[Stored entries]
________________________________________

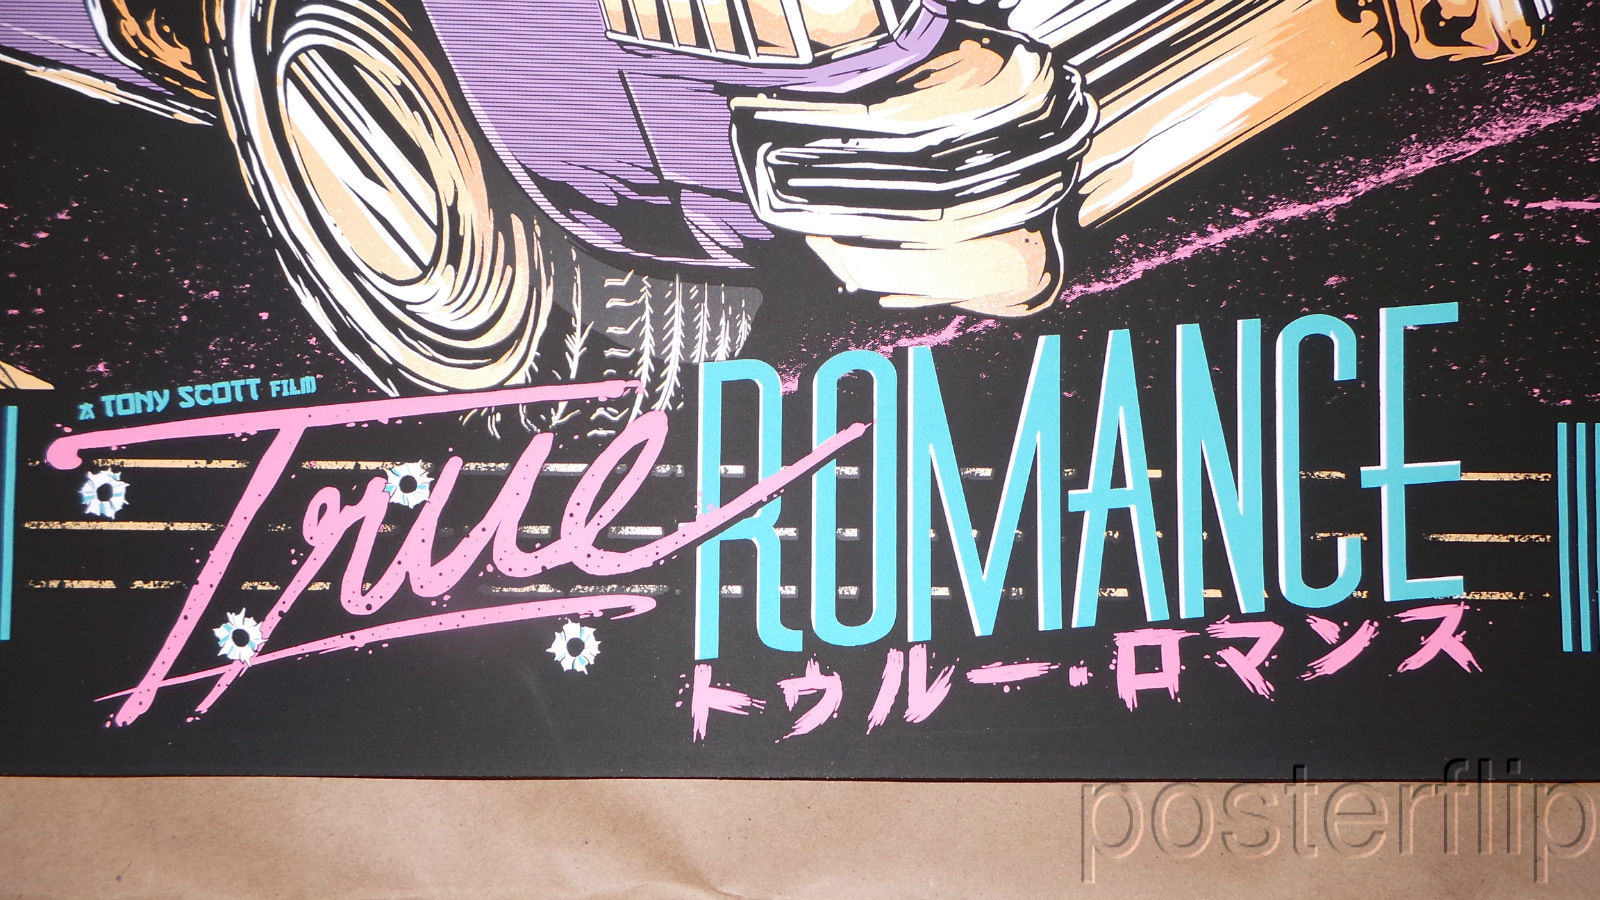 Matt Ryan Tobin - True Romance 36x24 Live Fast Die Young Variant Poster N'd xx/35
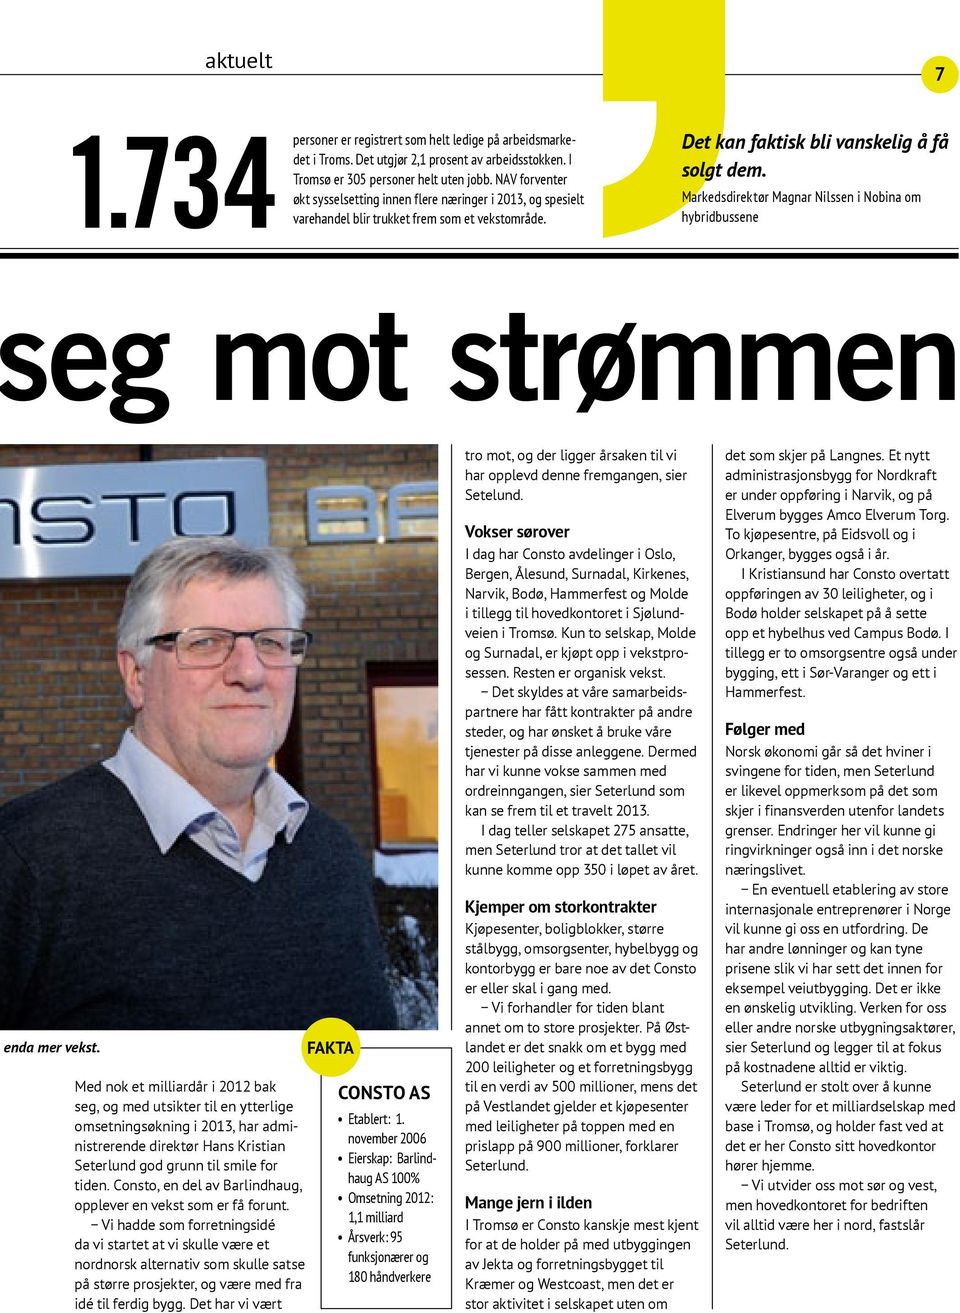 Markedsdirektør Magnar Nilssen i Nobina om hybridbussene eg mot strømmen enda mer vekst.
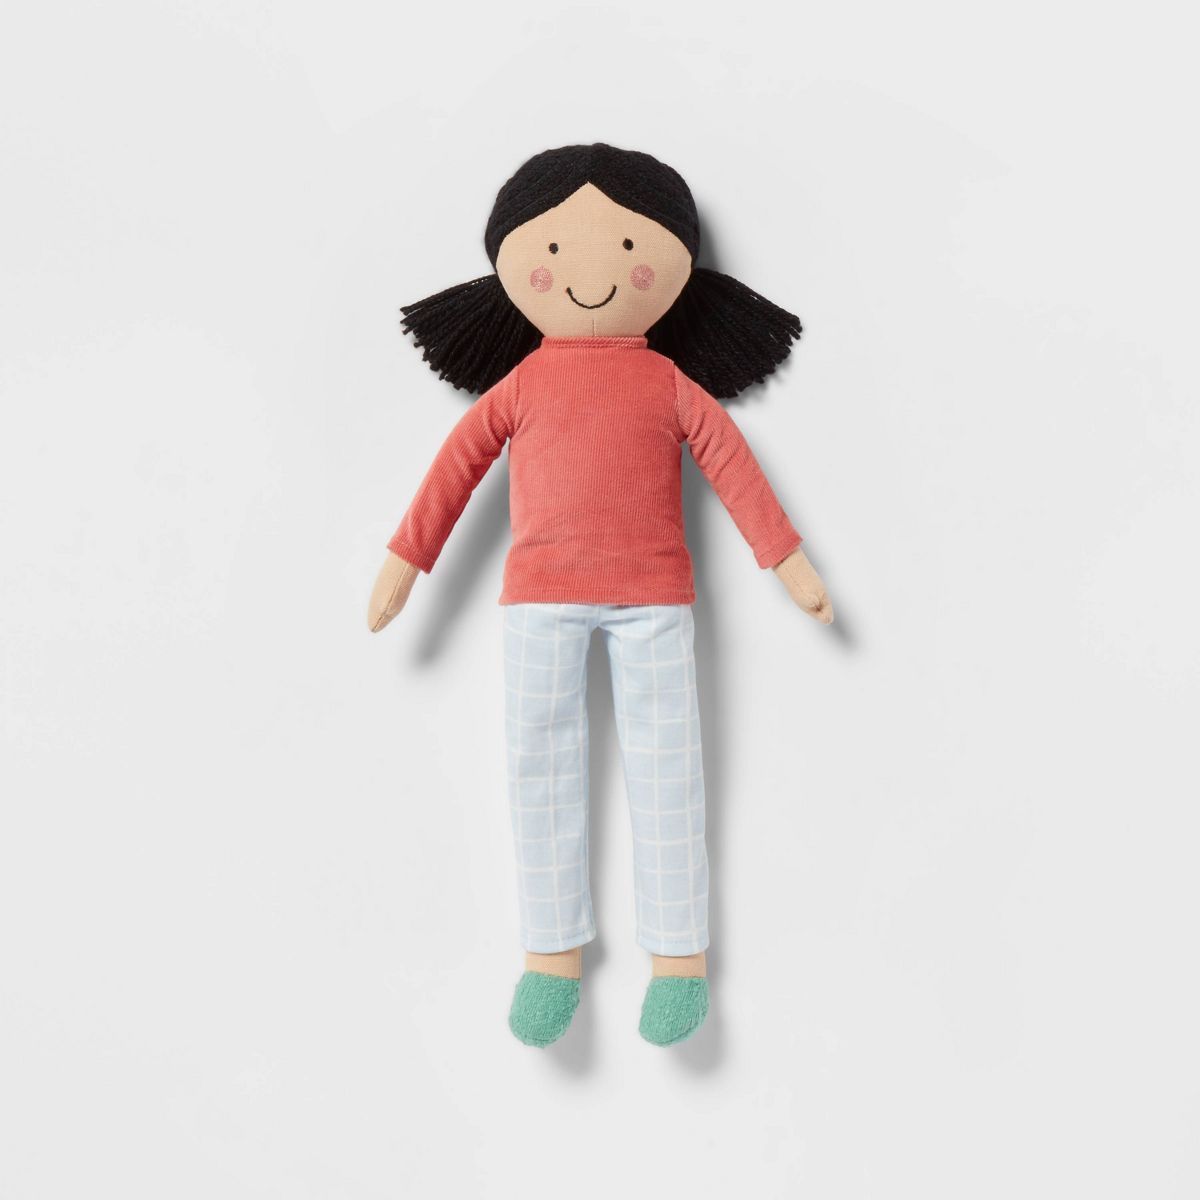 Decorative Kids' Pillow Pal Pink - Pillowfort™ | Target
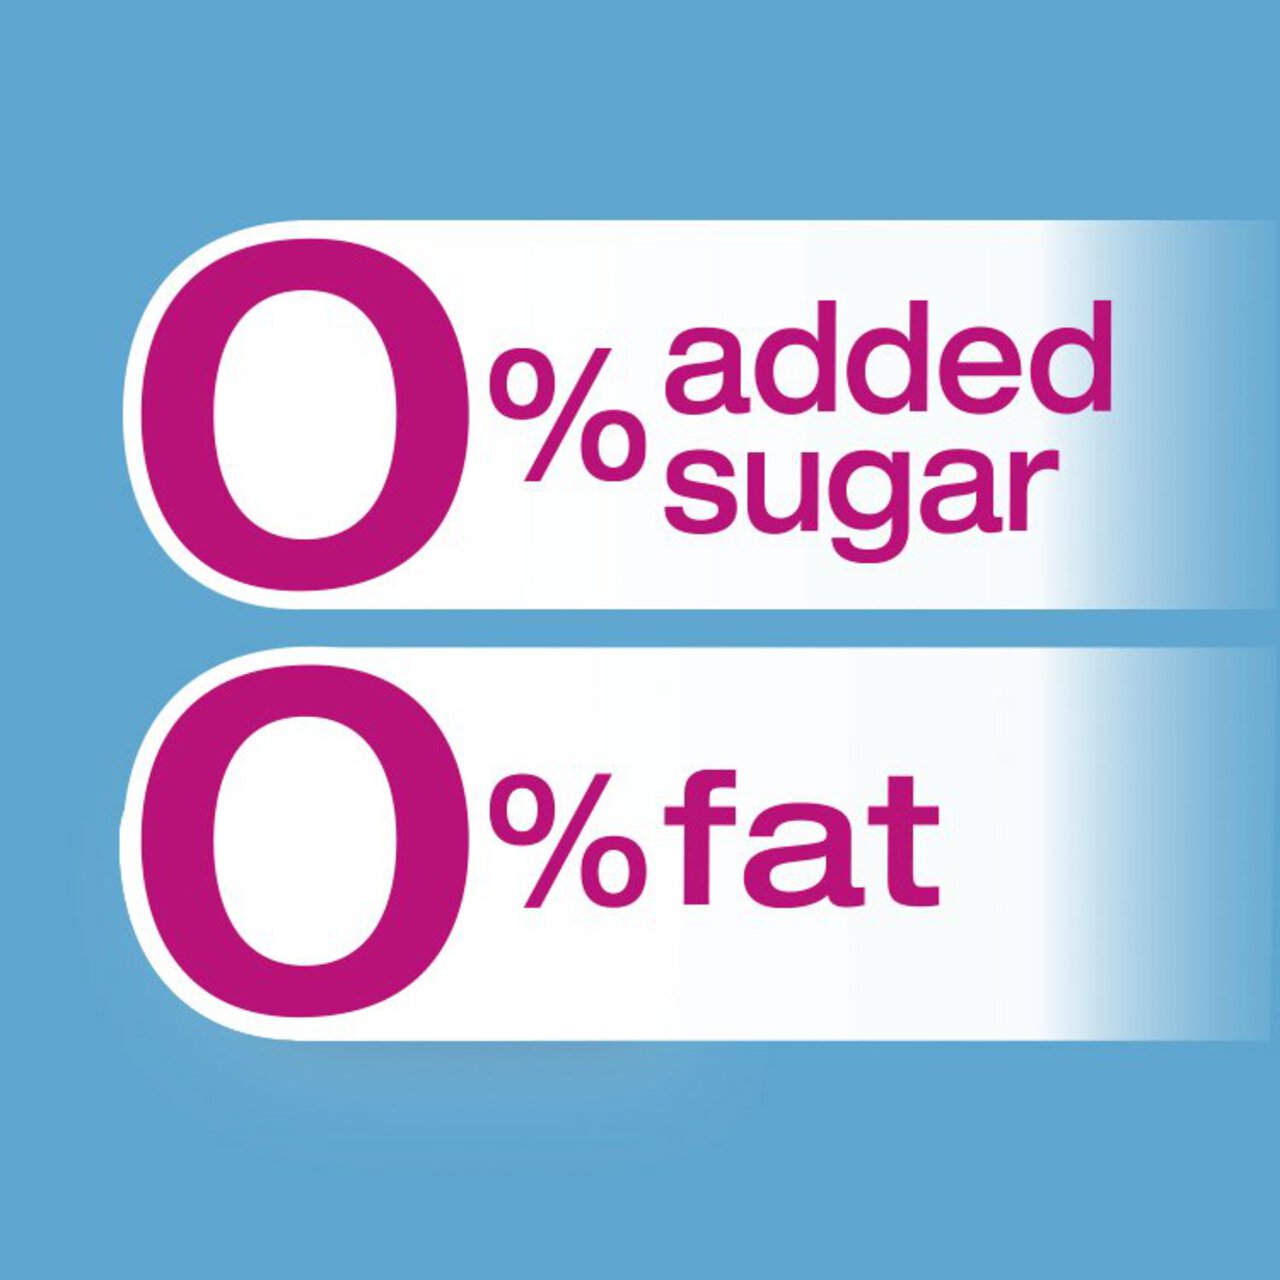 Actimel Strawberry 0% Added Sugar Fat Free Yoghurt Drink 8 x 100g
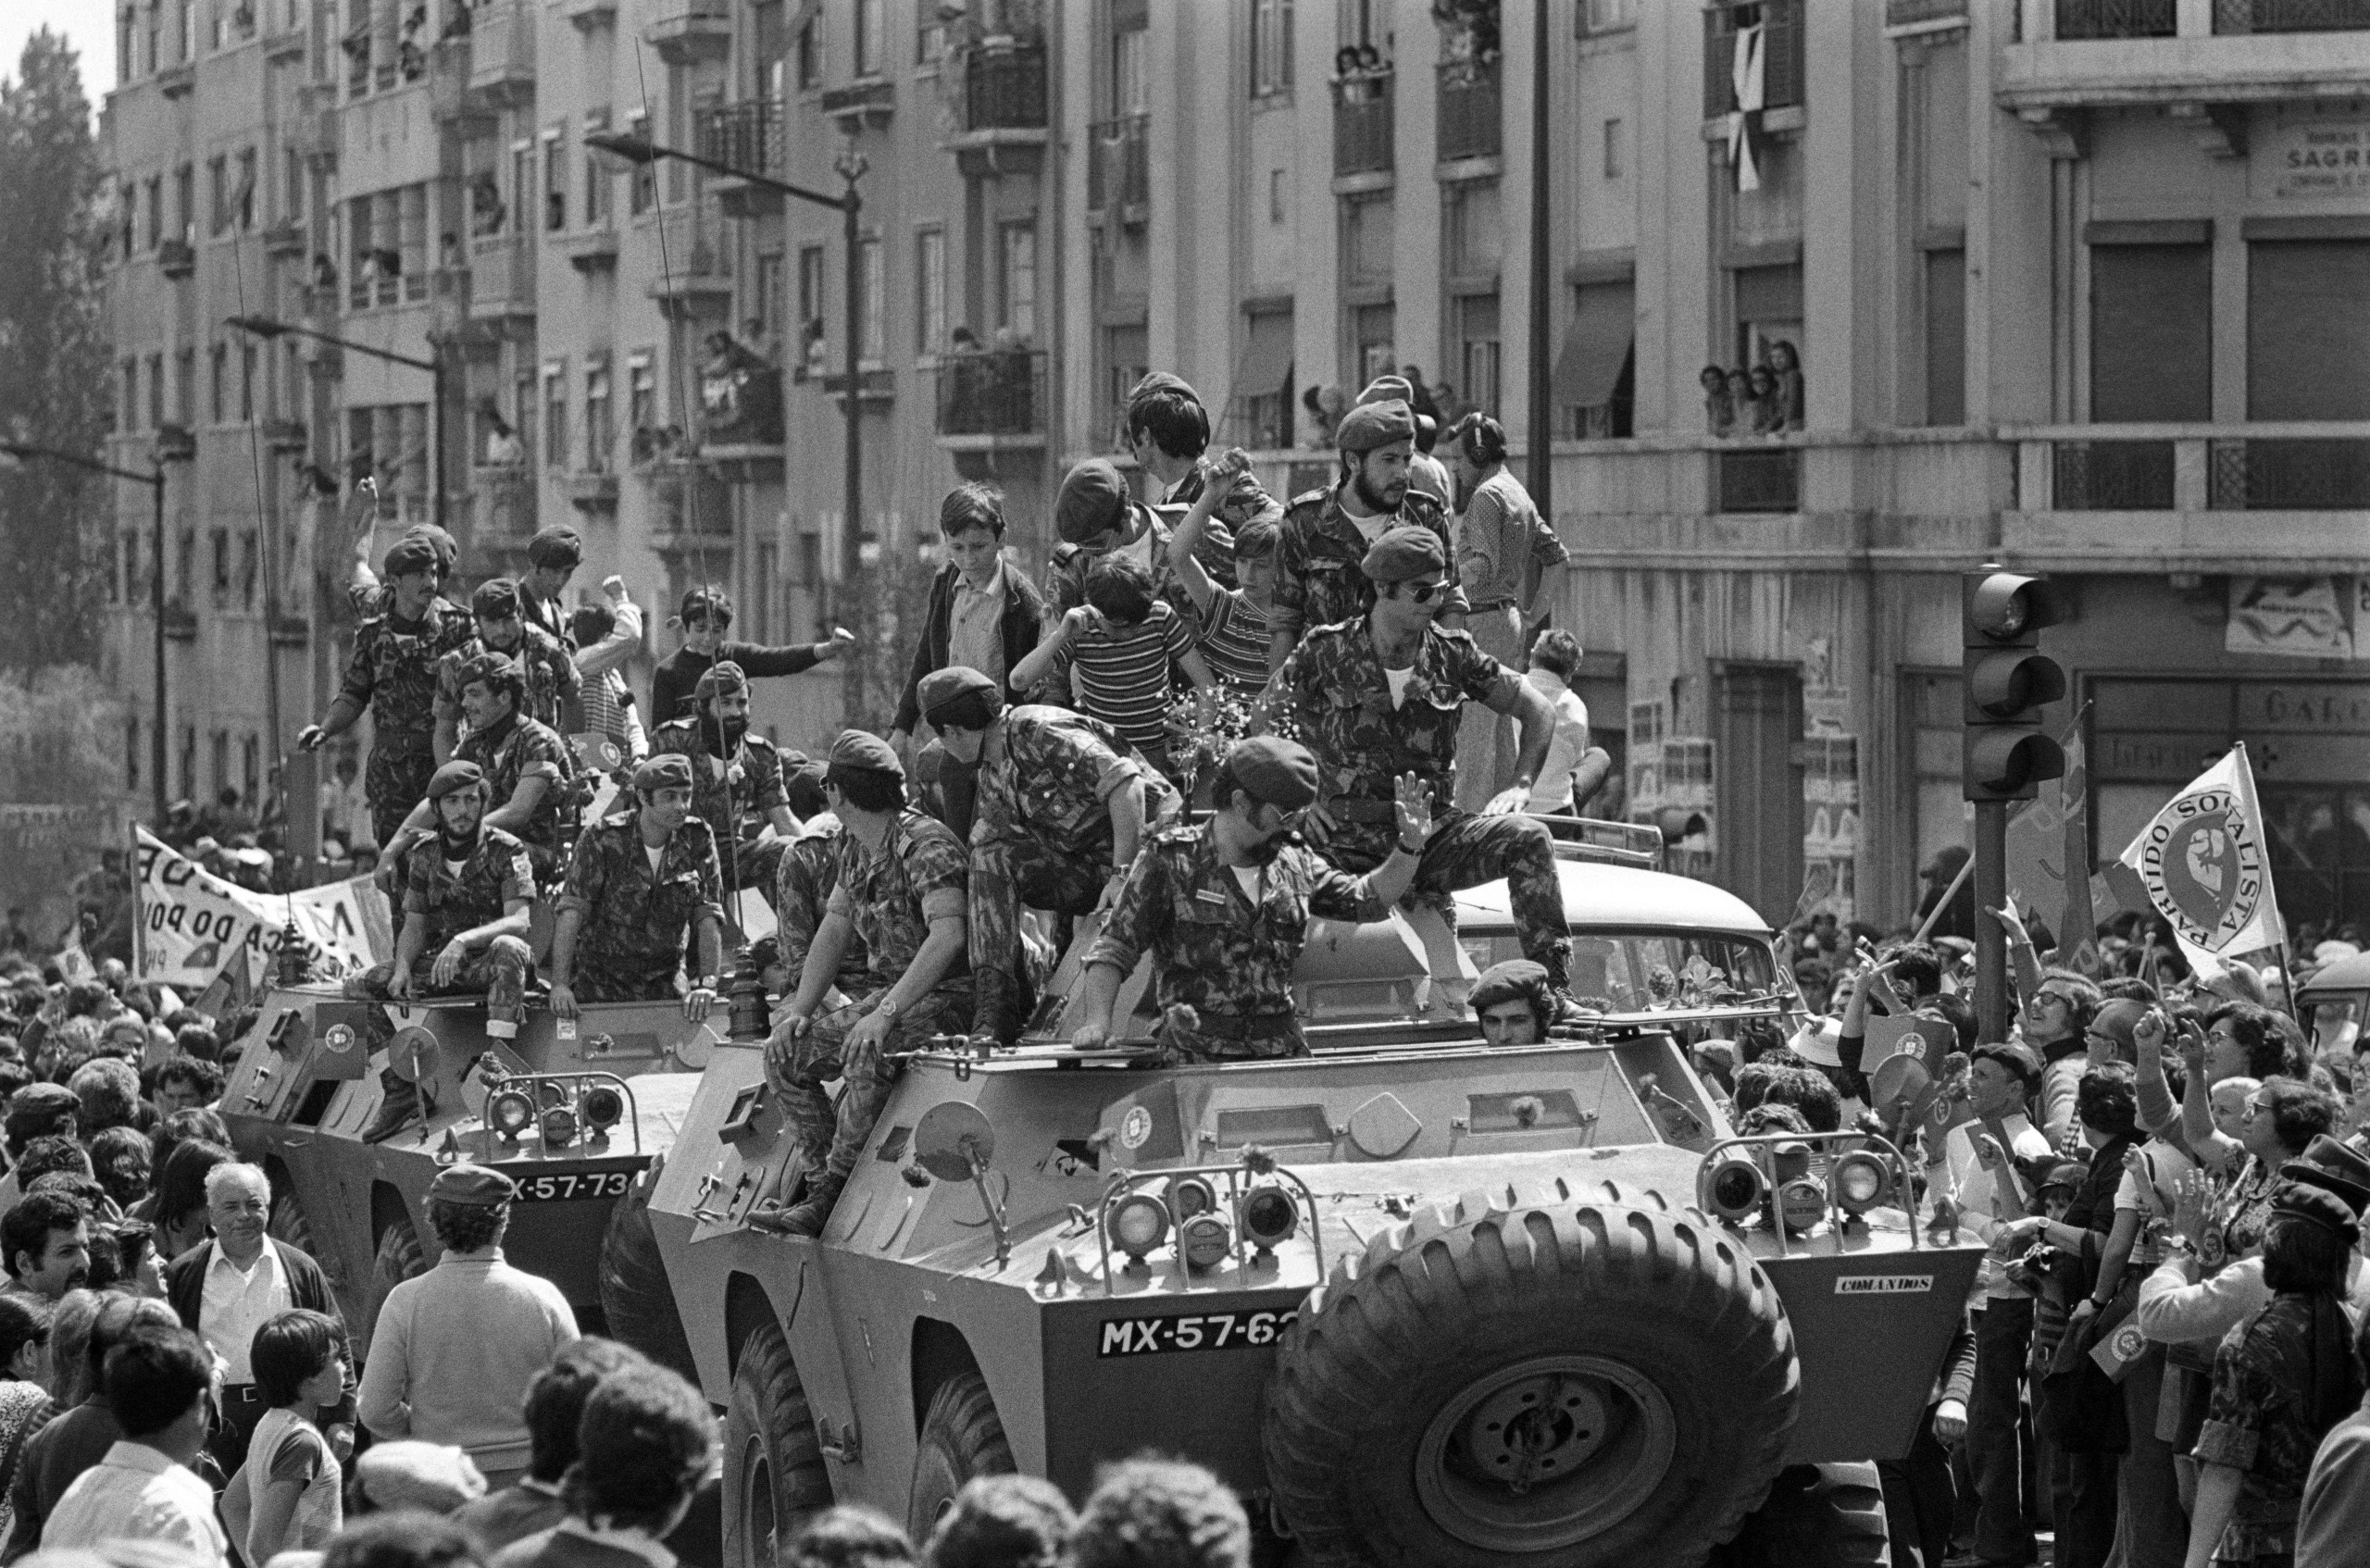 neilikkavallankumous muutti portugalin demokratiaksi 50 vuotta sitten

________________________________________

_Work order_:
Print every entry exactly as written, without the pictures.

_Task result_:
 Matt Ryan Tobin - True Romance 36x24 Live Fast Die Young Variant Poster N'd xx/35
 Markedsdirektør Magnar Nilssen i Nobina om hybridbussene eg mot strømmen enda mer vekst.
 Decorative Kids' Pillow Pal Pink - Pillowfort™ | Target
 Actimel Strawberry 0% Added Sugar Fat Free Yoghurt Drink 8 x 100g
 neilikkavallankumous muutti portugalin demokratiaksi 50 vuotta sitten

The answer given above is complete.